Dataset section —

※ ※ ※

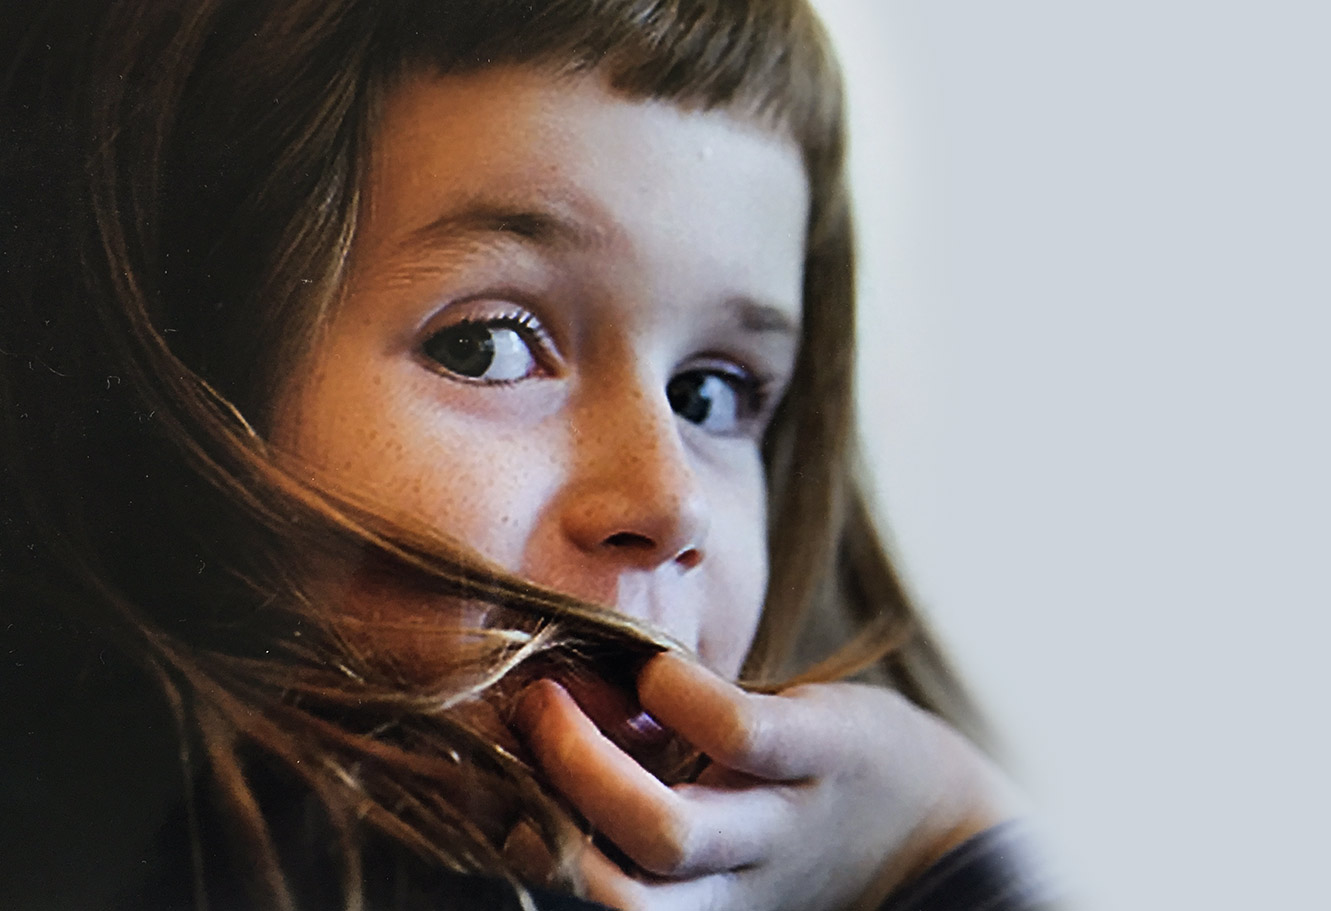 Pediatric brain tumor survivor talks about talking with sick kids altavistaventures Choice Image
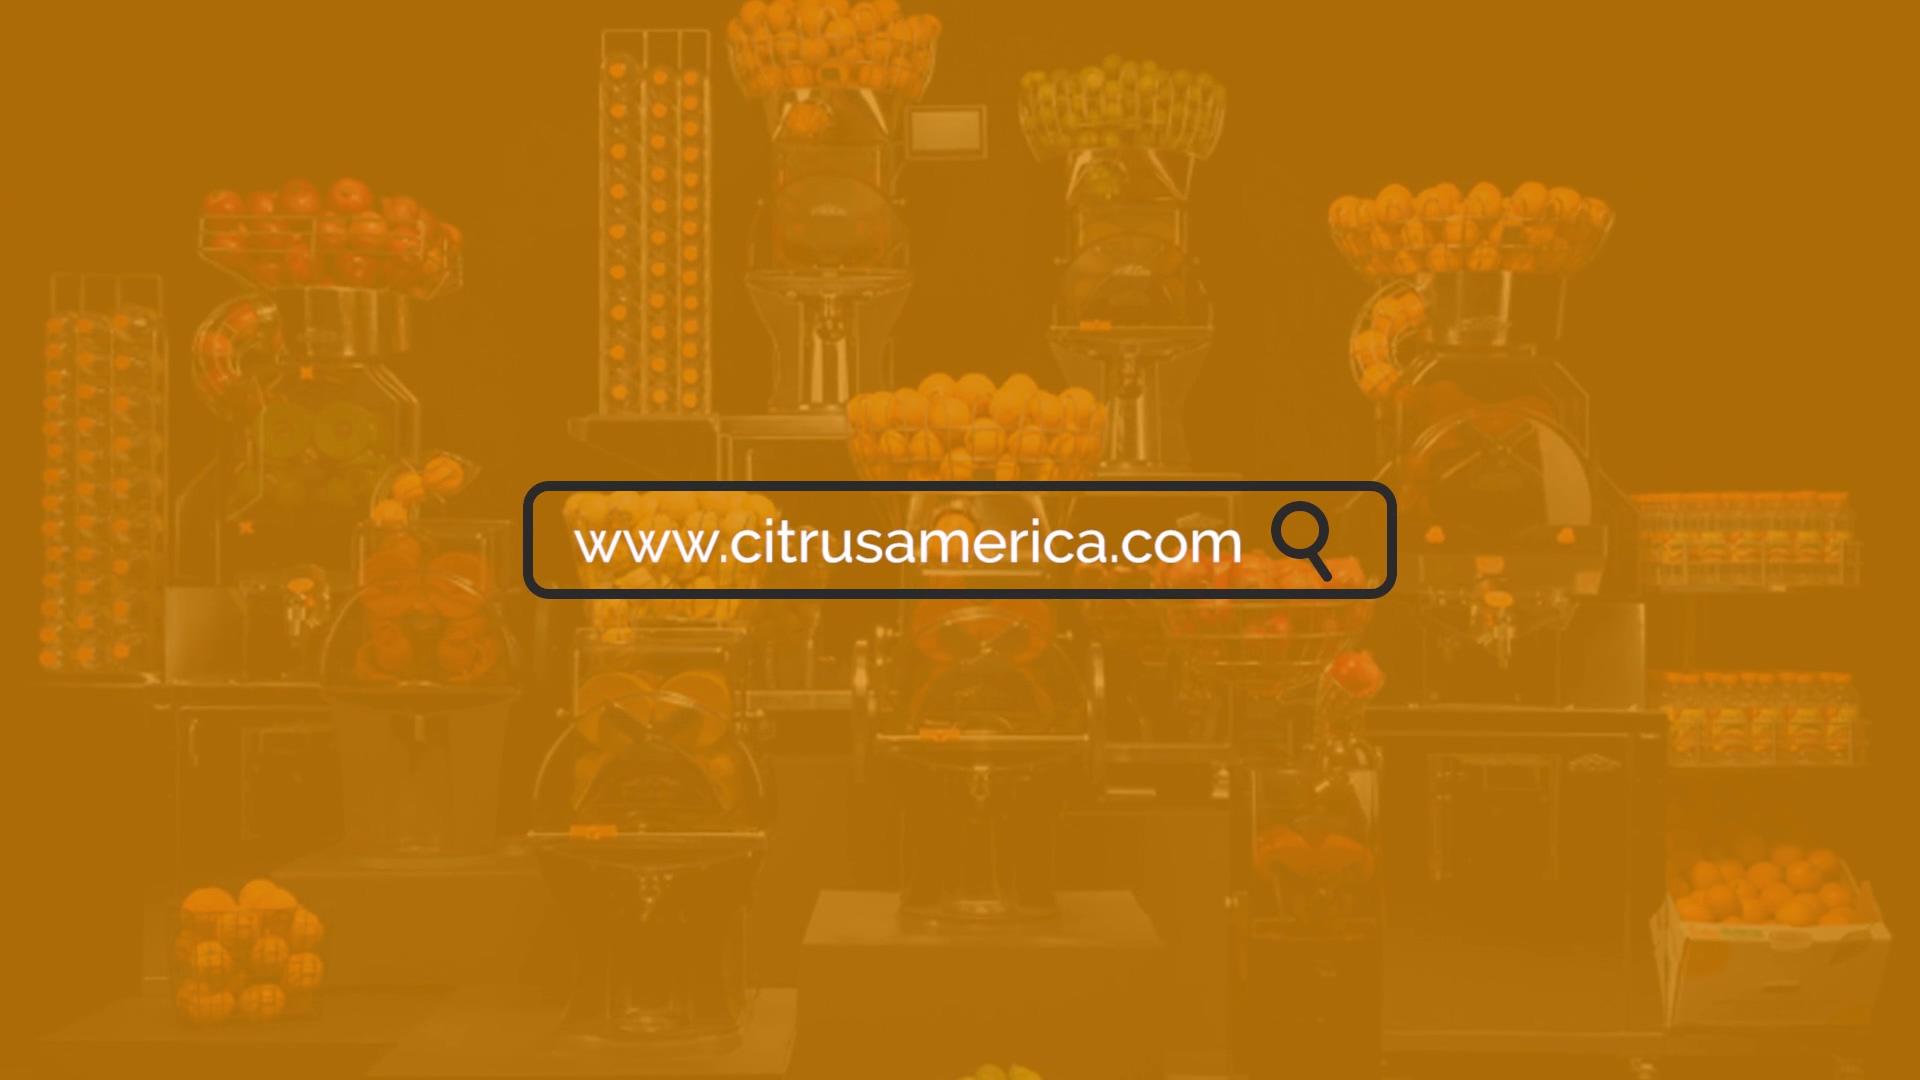 citrus america teaser updated
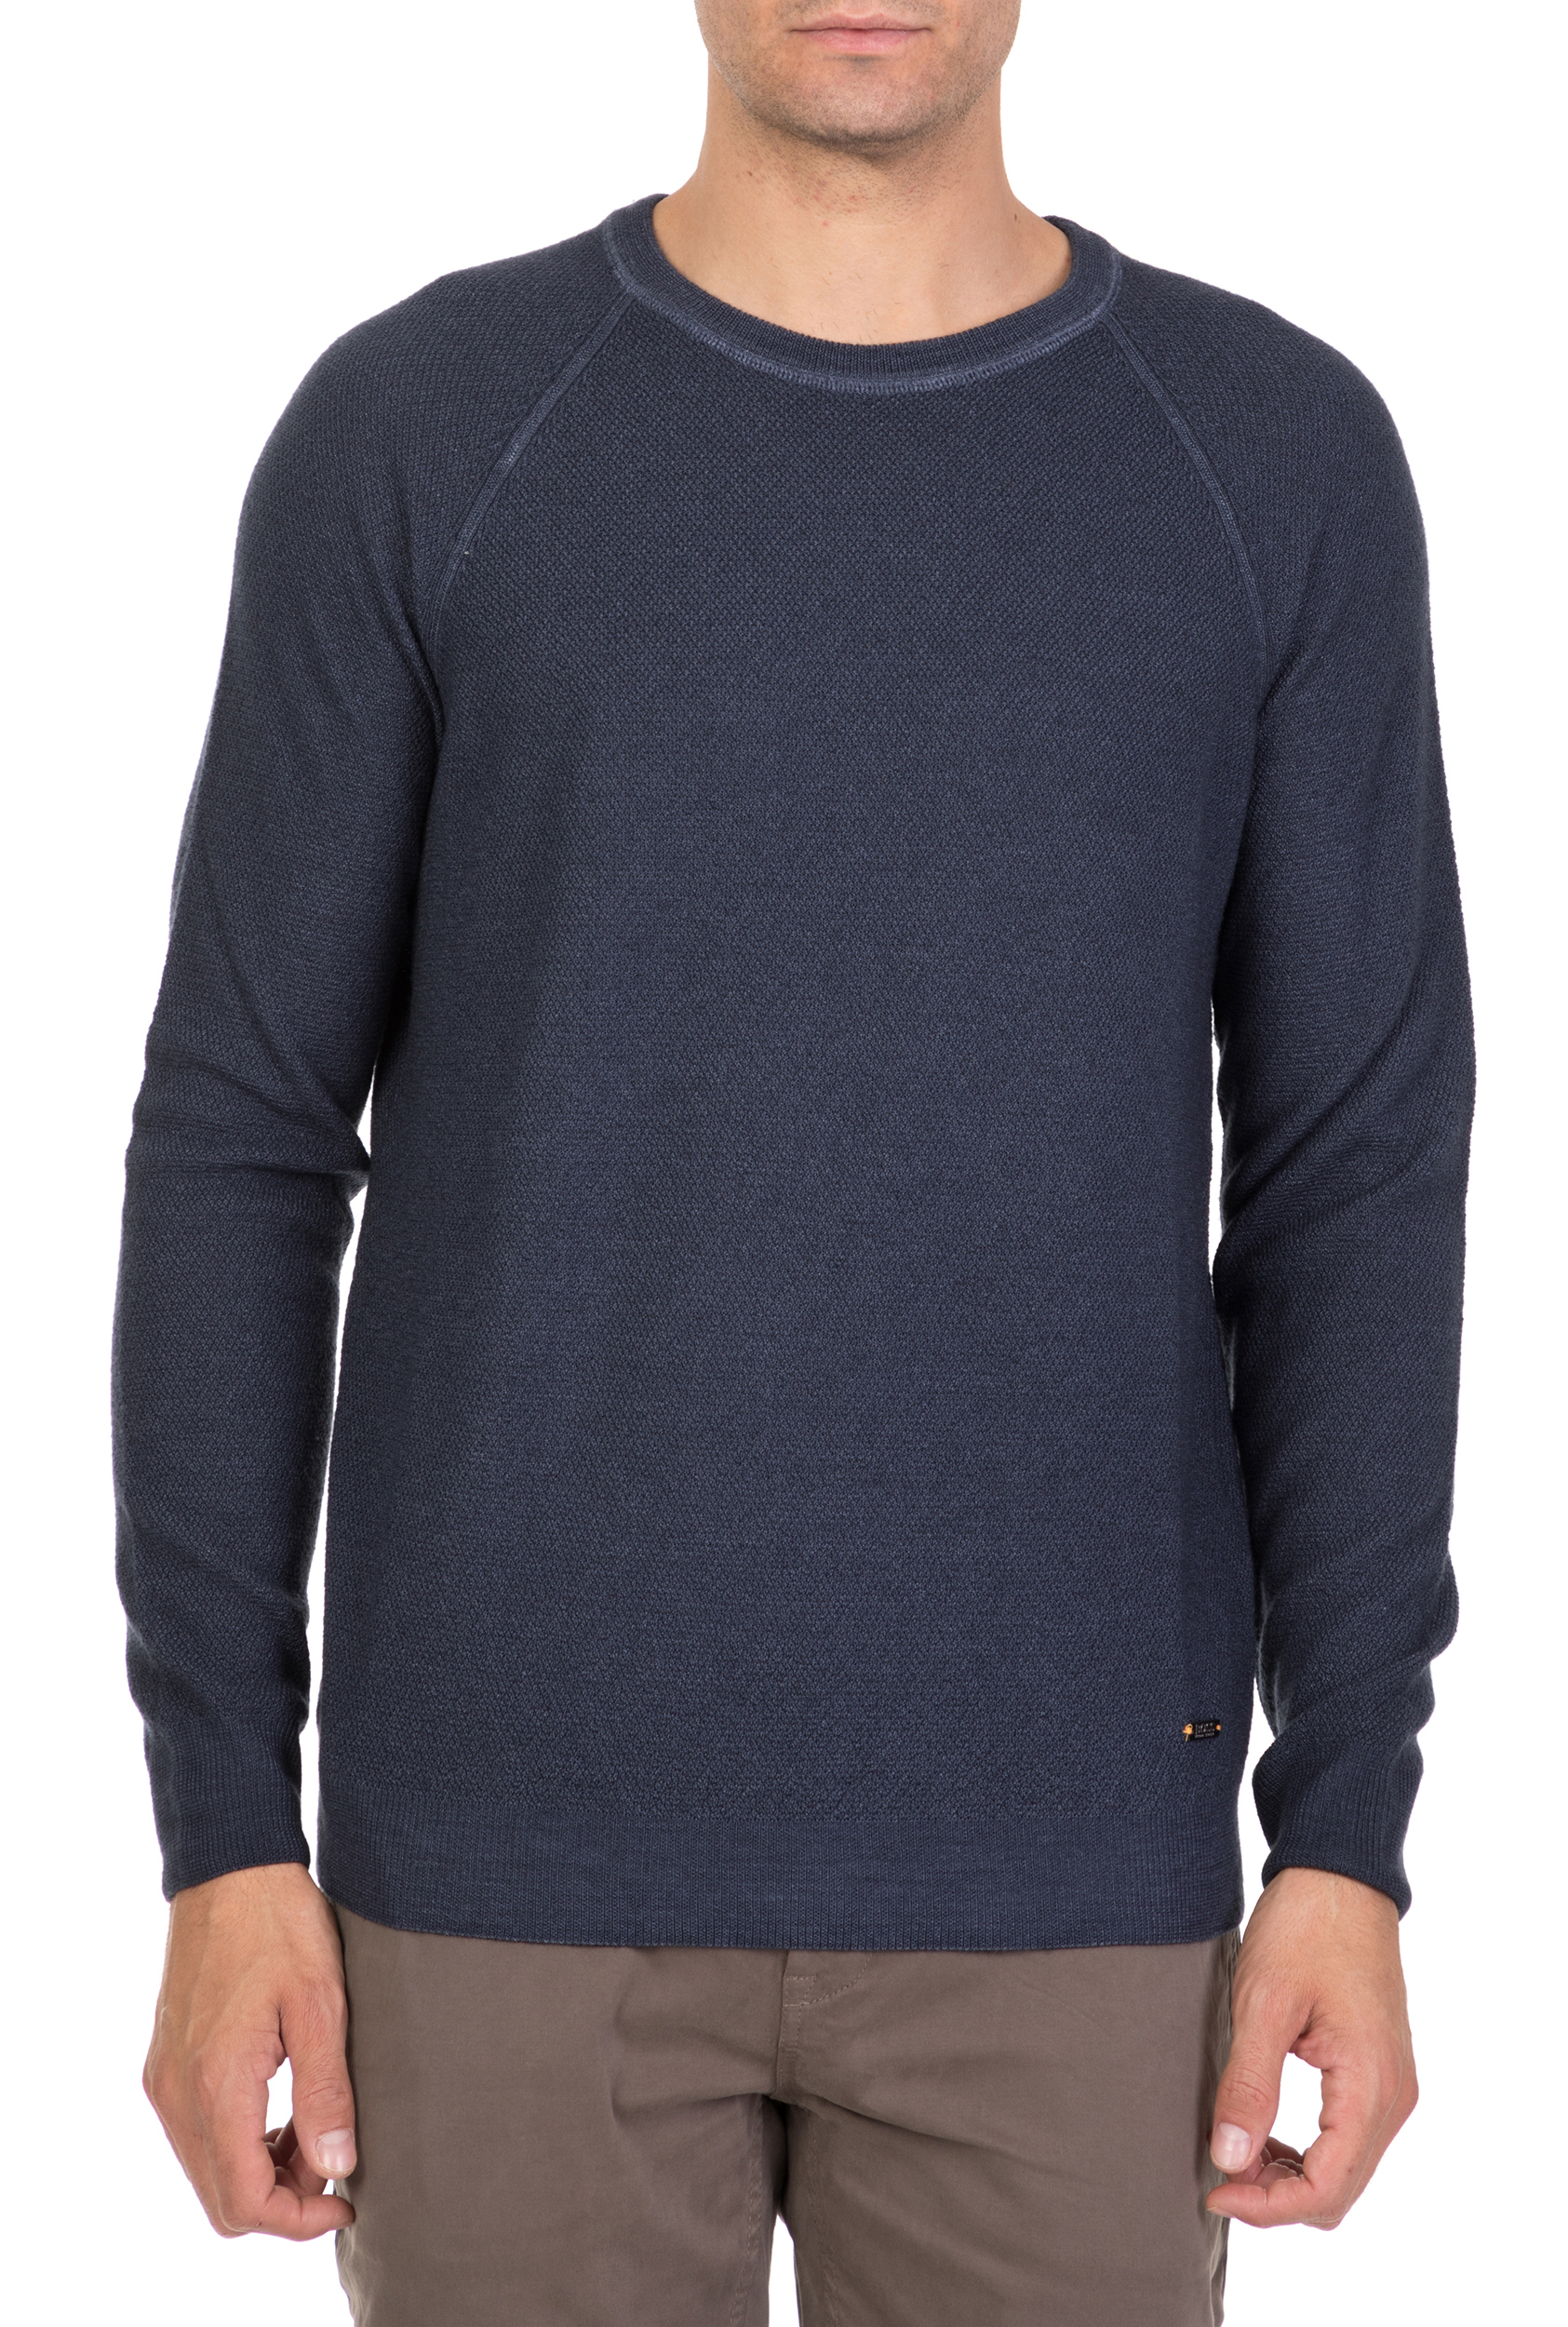 460e26f79f62 CollectiveOnline BOSS - Ανδρική μακρυμάνικη μπλούζα BOSS Akutisro μπλε

※ ※ ※

Exercise instructions — The full listing above, duplicated exactly and without its pictures, is the answer.

The answer —
 Pediatric brain tumor survivor talks about talking with sick kids altavistaventures Choice Image
 citrus america teaser updated
 460e26f79f62 CollectiveOnline BOSS - Ανδρική μακρυμάνικη μπλούζα BOSS Akutisro μπλε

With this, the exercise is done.